The Role of Technology and Forecasting

Advances in technology and weather forecasting are also playing a key role. Accurate weather predictions allow farmers to make informed decisions about planting and harvesting times. Technologies like satellite imagery and AI-driven analytics are helping in better understanding and predicting weather patterns. I will make a detailed post for this one later, but its a great advancement which is playing a major role.

Policy Implications and Support Systems

With these unpredictable rainfall patterns, the role of policy and support systems becomes very important. Effective policies can provide the backbone for resilience and adaptation in the agricultural sector. Let’s explore how policy and support can make a difference.

1. Incentivizing Sustainable Agricultural Practices:

  • Governments can offer subsidies or tax incentives for adopting sustainable practices like rainwater harvesting, organic farming, and precision agriculture.
  • Policies promoting soil conservation, crop diversification, and water-efficient irrigation techniques are also essential.
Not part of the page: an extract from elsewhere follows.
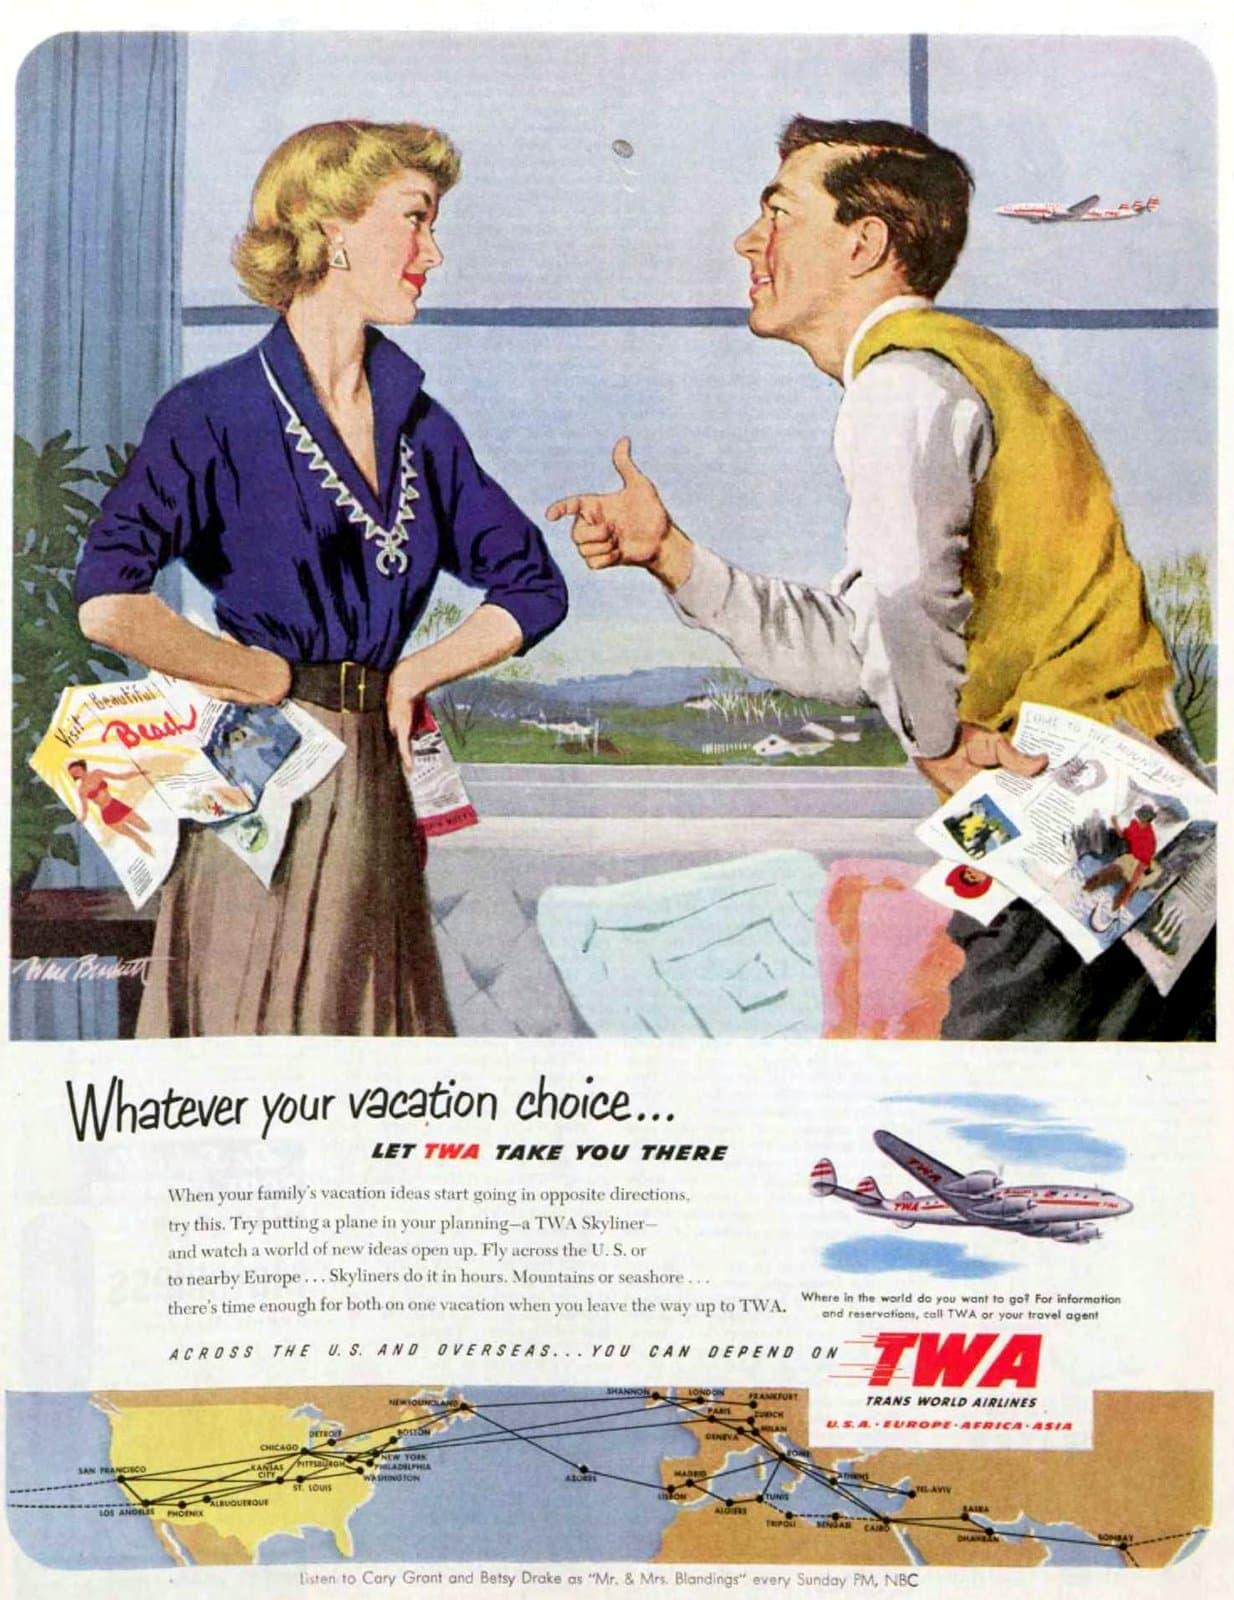 TWA vacations - travel (1951)

2. Funding for Research and Development:

  • Investing in agricultural research to develop drought-resistant and flood-tolerant crop varieties.
  • Encouraging the development of innovative farming technologies and practices through grants and funding initiatives.

3. Insurance and Financial Support Systems:

  • Providing affordable crop insurance schemes to protect farmers against the financial risks of unpredictable weather patterns.
  • Offering low-interest loans and financial assistance for farmers affected by unseasonal rains and related crop failures.

4. Infrastructure Development:

  • Building robust infrastructure for water management, including reservoirs, canals, and efficient drainage systems to cope with excess rainfall.
  • Developing rural infrastructure to ensure quick and efficient transport and storage of produce during unexpected weather events.

5. Climate Information and Advisory Services:

  • Establishing localized weather stations and climate advisory services to provide farmers with timely and accurate weather forecasts and agricultural advice.

6. International Cooperation and Knowledge Exchange:

  • Promoting global collaboration in climate resilience research and sharing of best practices in agricultural adaptation strategies.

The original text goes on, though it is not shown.